The large palm like plant is Chamaerops humilis. The smaller Aloe just below it could be Adam's Thread or Yucca filamentosa. As for the apes, this is what Nauticus had to say: 'Some are very large, but whatever way the wind blows they always get on the lee side of the Rock; people may take them, but are not allowed to kill one on any account. (1854 - E. Widick ) 

 The stones in the south were slate coloured and apparently diamonds could be extracted from them although they were so small that it was not worth the trouble to do so. Finally a quick mention of San Roque - it 'stands very high and has a pleasing appearance' - and the famous 'Queen of Spain's chair : 
 . .  where it is said, she and some of her friends retired, with a vow not to leave that place till Gibraltar was taken; how far this is true the reader must judge; however it has a beautiful picturesque view, being the only building on the hill. 
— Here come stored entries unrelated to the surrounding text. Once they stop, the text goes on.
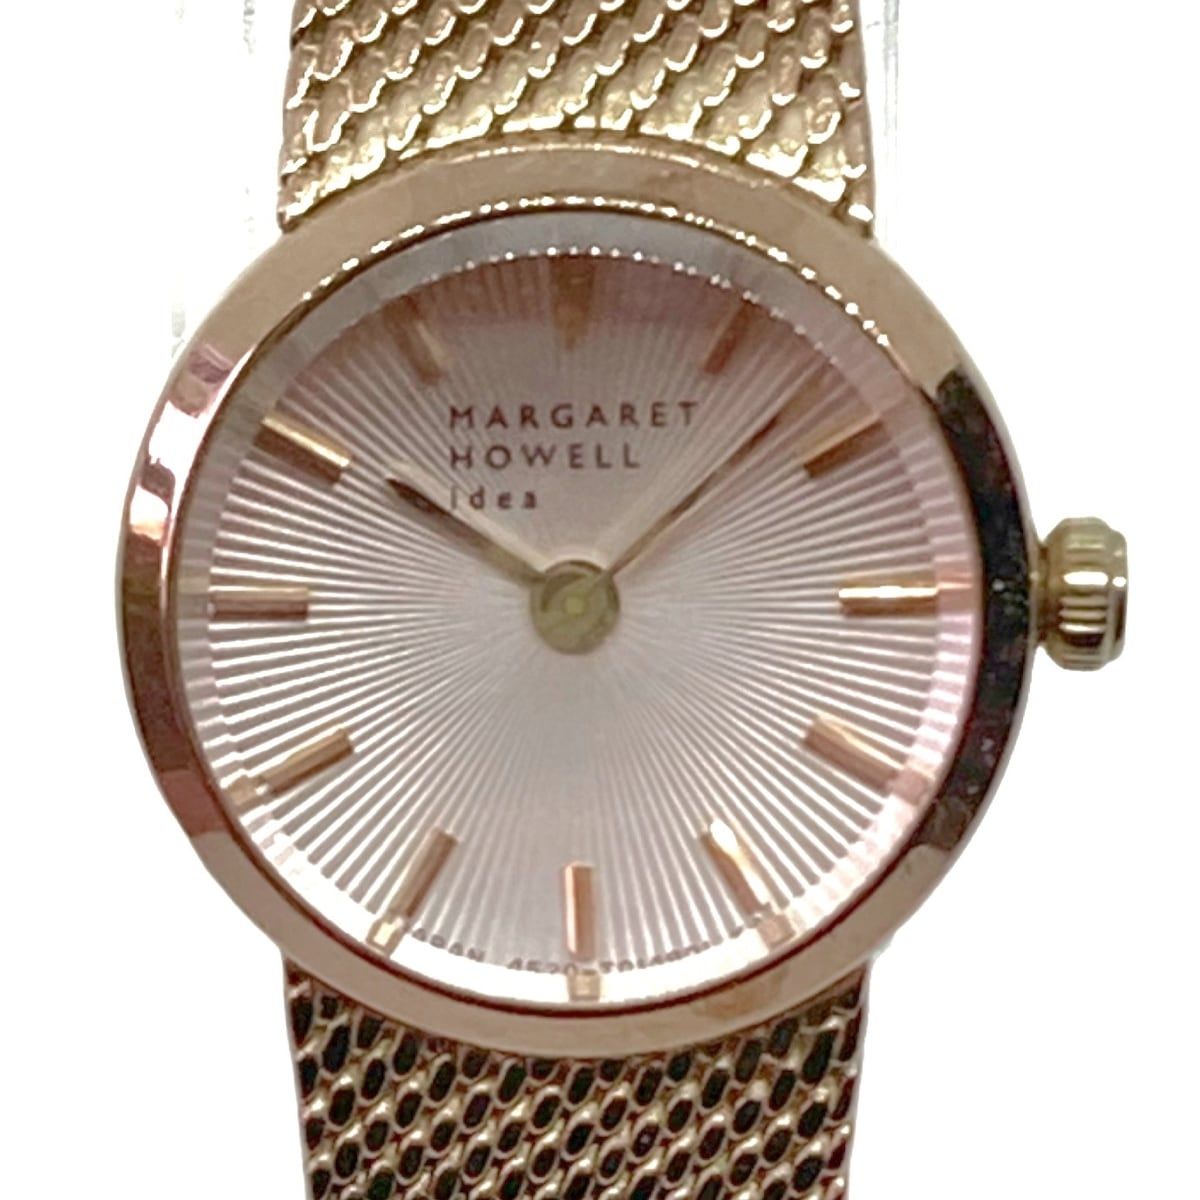 MargaretHowell(マーガレットハウエル) 腕時計美品 - 4520-T019501 レディース シルバー
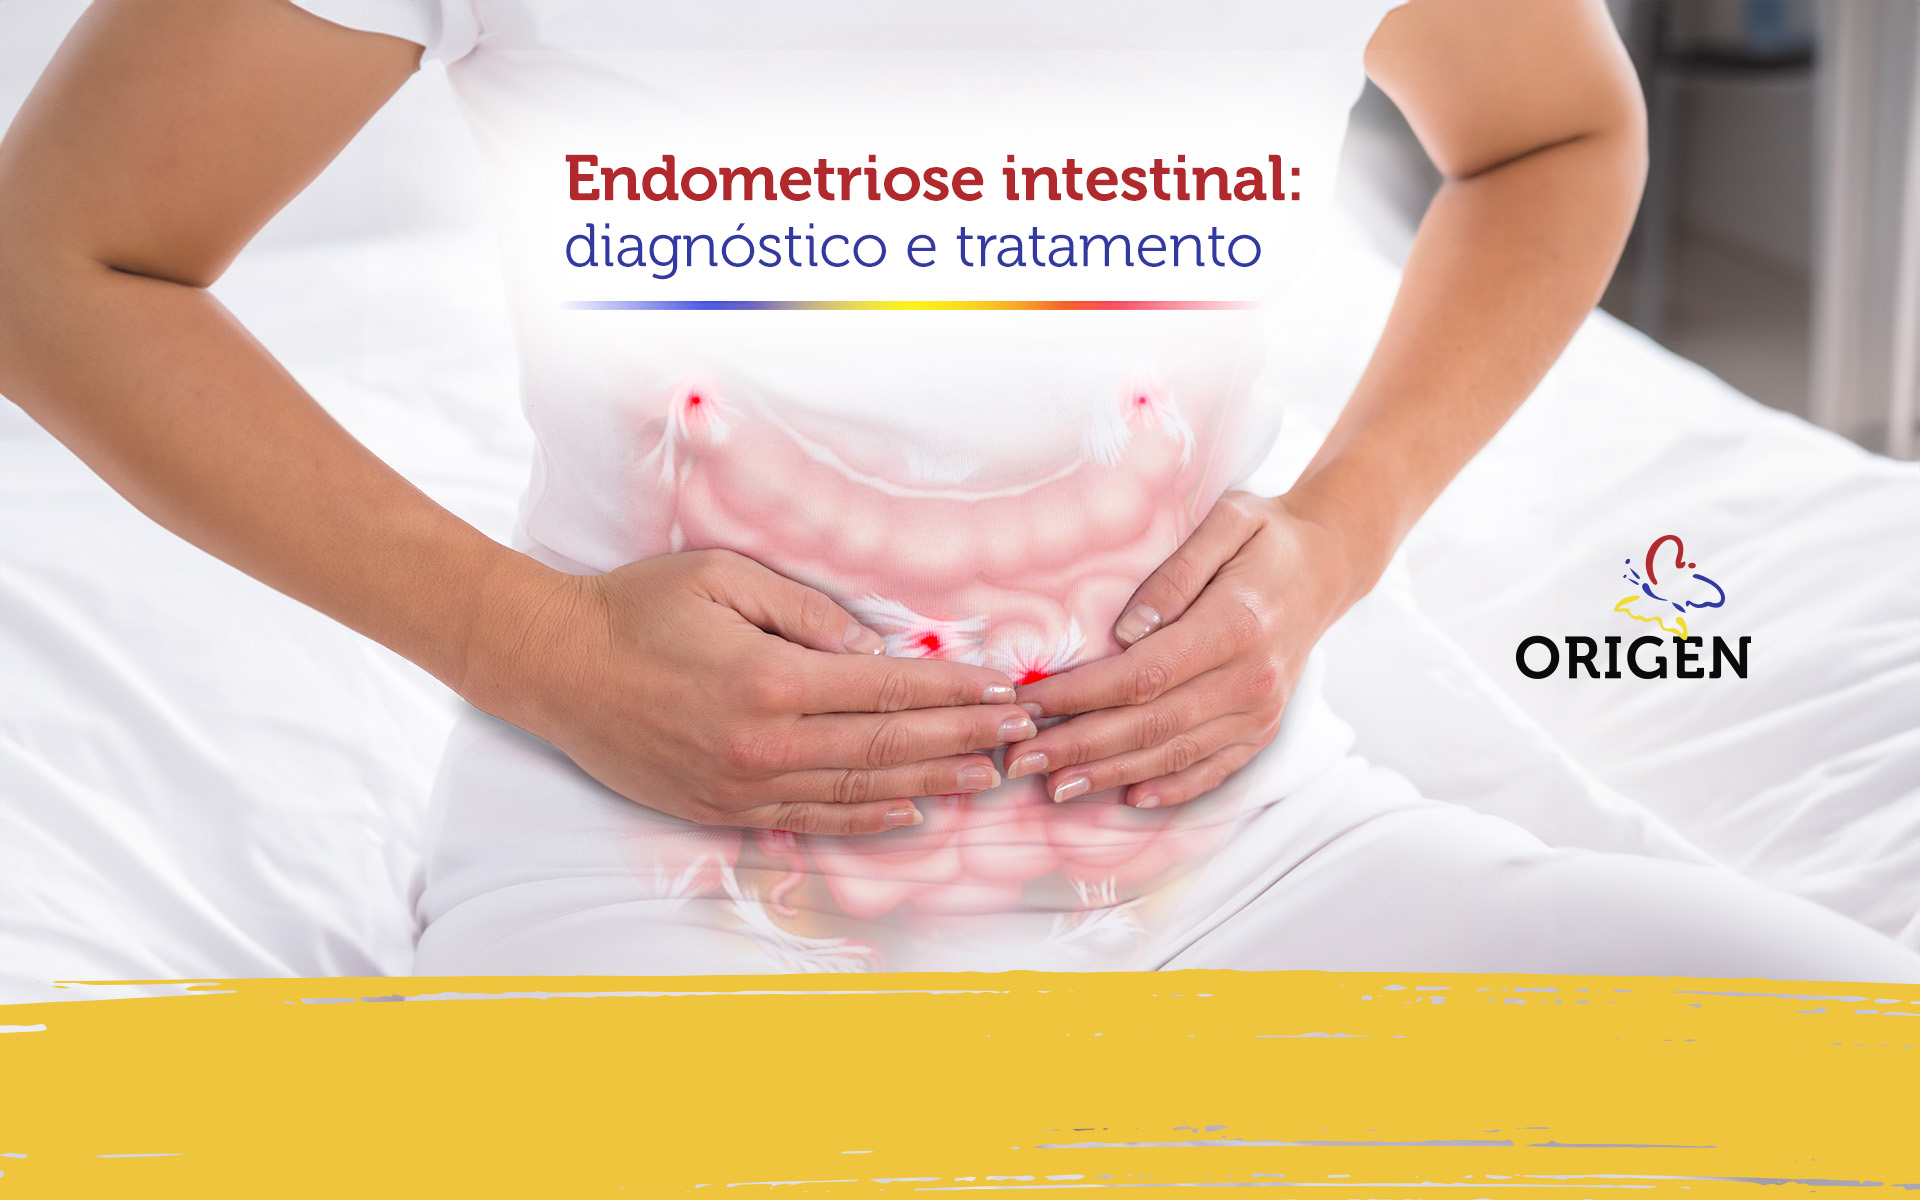 Endometriose intestinal: diagnóstico e tratamento
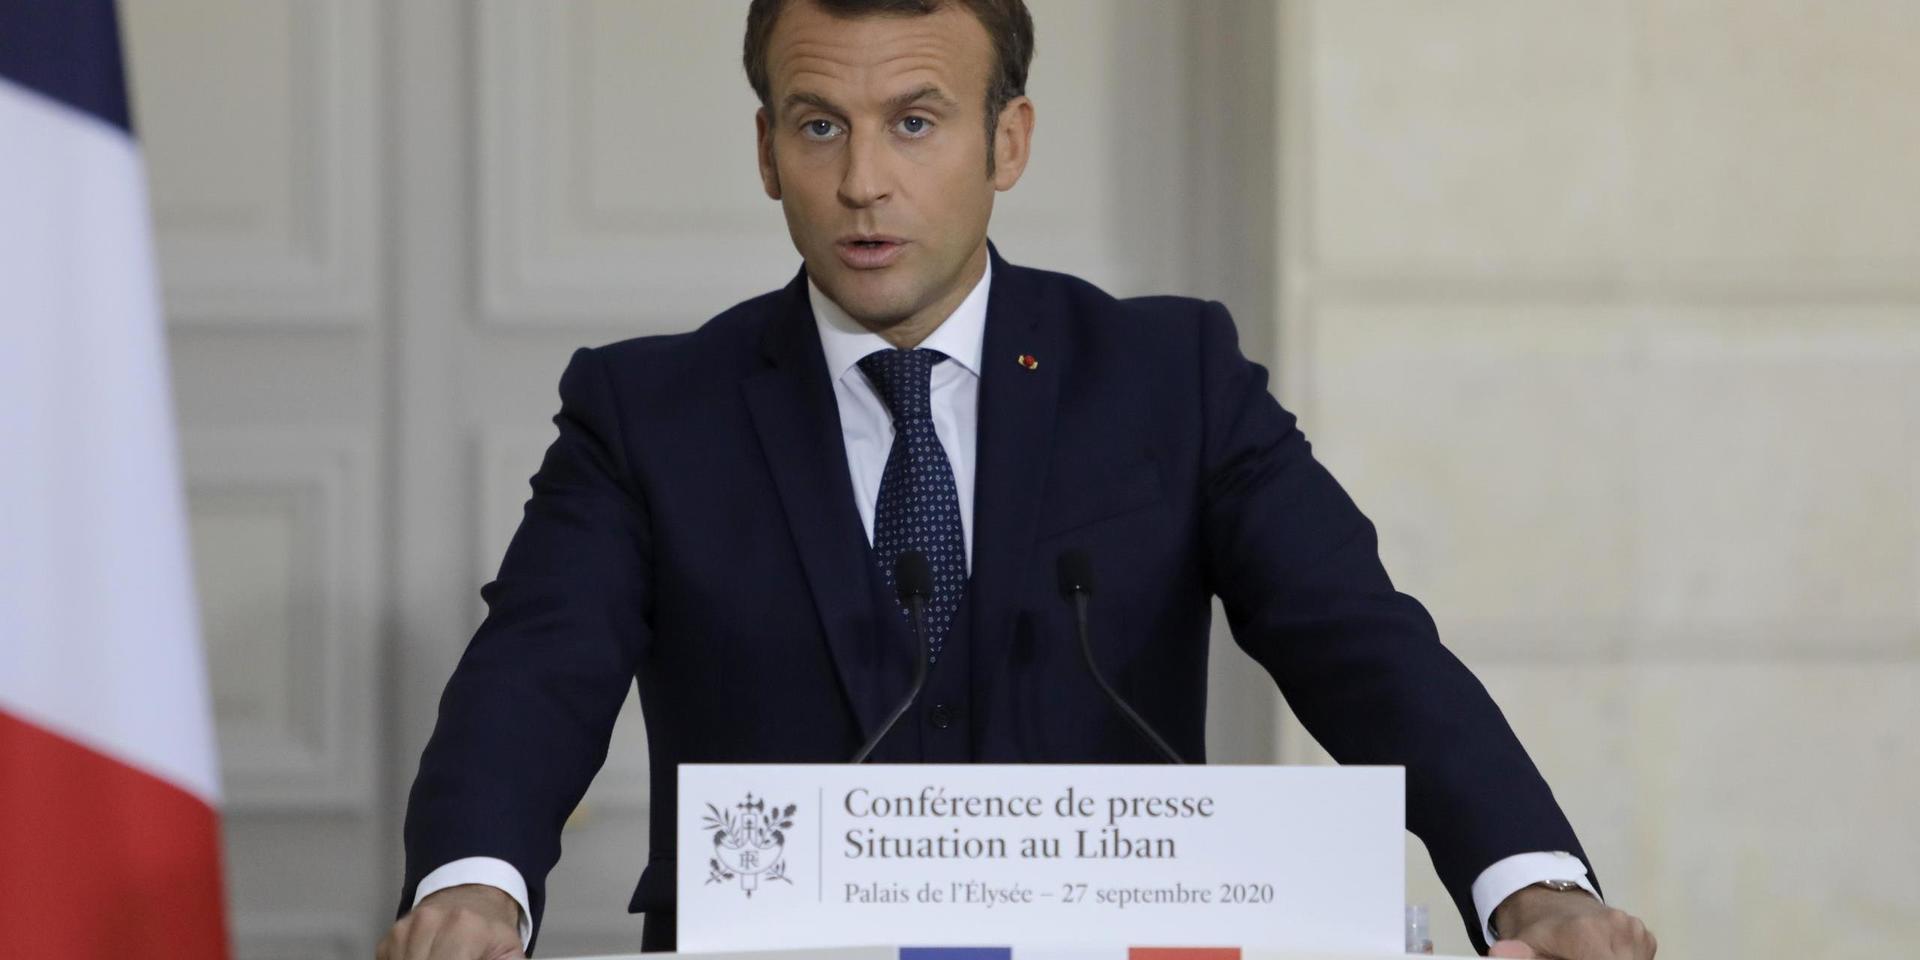 Under en presskonferens särskilt tillägnad situationen i Libanon på söndagskvällen riktade Frankrikes president mycket hård kritik mot landets politiska ledare.
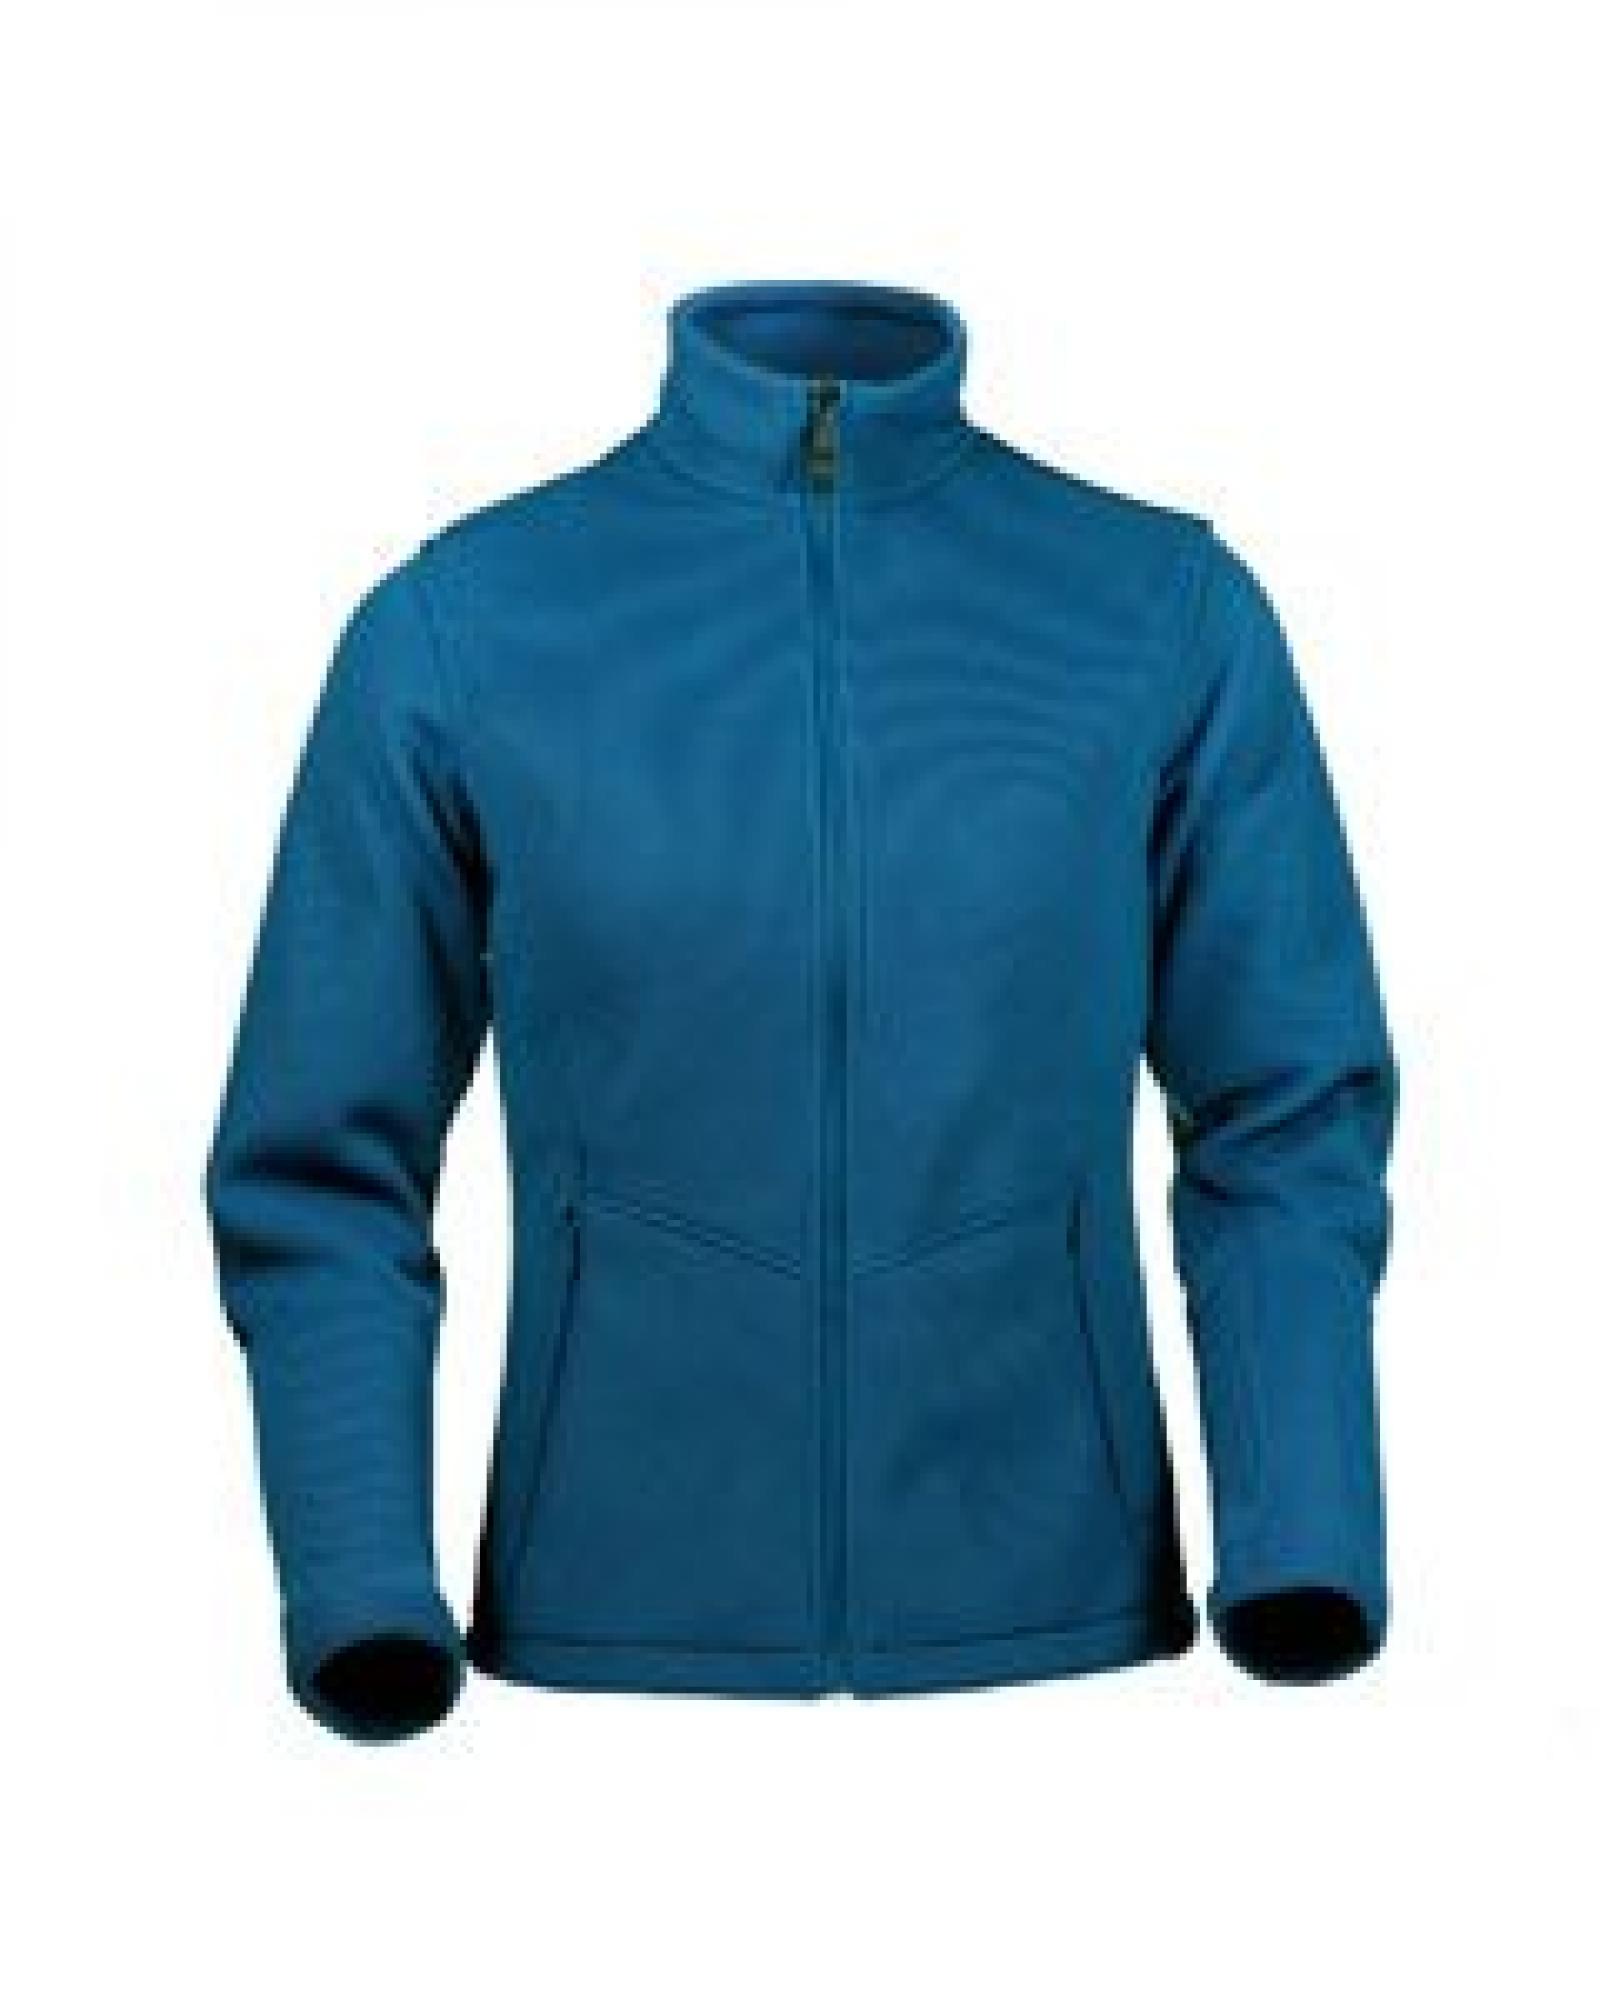 Womens IronWeave Bonded Fleece Jacket NAVY - 3XL

 Gibraltar from the Queen of Spain's chair ( 1853 - G.P. Pechell ) 

This short passage on Gibraltar is quite frankly a pleasure to read. The author refrains from the usual racist comments offered by most of his contemporaries and his descriptions are generally straightforward and without prejudice. His rather graceful and complimentary description of Gibraltar's Cathedral in particular is unusual. 

At that time and throughout the 19th century and beyond, all things Catholic were reviled as Papist nonsense and its icons and statues dismissed as mumbo jumbo - all of which were usually described in the most insulting manner possible. It makes one wonder whether Nauticus might not have been a Catholic himself - but in fact he was probably the very opposite - a Protestant pastor. 

Although it is impossible to identify the writer with any certainty it seems likely that Nauticus was the pen-name of the Rev Laurence Hynes Halloram who was apparently a native of Ireland and at one time Chaplain of the Navy in the Britannia- one of the ships that took part in the Battle of Trafalgar. By this author's book, and in so far as Gibraltar is concerned - the Reverend Halloram's heart was definitely in the right place.